[Opening SUPPLIED DATA section]

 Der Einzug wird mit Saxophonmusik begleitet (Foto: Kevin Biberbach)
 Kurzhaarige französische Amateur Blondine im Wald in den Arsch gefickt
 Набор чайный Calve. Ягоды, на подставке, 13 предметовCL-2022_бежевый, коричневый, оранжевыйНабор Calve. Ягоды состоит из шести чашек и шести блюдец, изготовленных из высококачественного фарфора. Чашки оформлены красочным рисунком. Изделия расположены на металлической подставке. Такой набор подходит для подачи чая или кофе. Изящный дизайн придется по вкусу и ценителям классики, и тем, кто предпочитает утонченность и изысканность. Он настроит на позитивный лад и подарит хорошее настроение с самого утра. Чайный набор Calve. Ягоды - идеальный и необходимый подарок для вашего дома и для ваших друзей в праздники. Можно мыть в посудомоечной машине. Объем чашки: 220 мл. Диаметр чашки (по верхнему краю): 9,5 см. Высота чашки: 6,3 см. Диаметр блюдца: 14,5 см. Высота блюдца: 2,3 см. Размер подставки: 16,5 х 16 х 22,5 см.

[Closing SUPPLIED DATA section]

*TASK DESCRIPTION:* Transcribe the material above in its entirety, precisely as written.

*EXERCISE RESULT:*
 Der Einzug wird mit Saxophonmusik begleitet (Foto: Kevin Biberbach)
 Kurzhaarige französische Amateur Blondine im Wald in den Arsch gefickt
 Набор чайный Calve. Ягоды, на подставке, 13 предметовCL-2022_бежевый, коричневый, оранжевыйНабор Calve. Ягоды состоит из шести чашек и шести блюдец, изготовленных из высококачественного фарфора. Чашки оформлены красочным рисунком. Изделия расположены на металлической подставке. Такой набор подходит для подачи чая или кофе. Изящный дизайн придется по вкусу и ценителям классики, и тем, кто предпочитает утонченность и изысканность. Он настроит на позитивный лад и подарит хорошее настроение с самого утра. Чайный набор Calve. Ягоды - идеальный и необходимый подарок для вашего дома и для ваших друзей в праздники. Можно мыть в посудомоечной машине. Объем чашки: 220 мл. Диаметр чашки (по верхнему краю): 9,5 см. Высота чашки: 6,3 см. Диаметр блюдца: 14,5 см. Высота блюдца: 2,3 см. Размер подставки: 16,5 х 16 х 22,5 см.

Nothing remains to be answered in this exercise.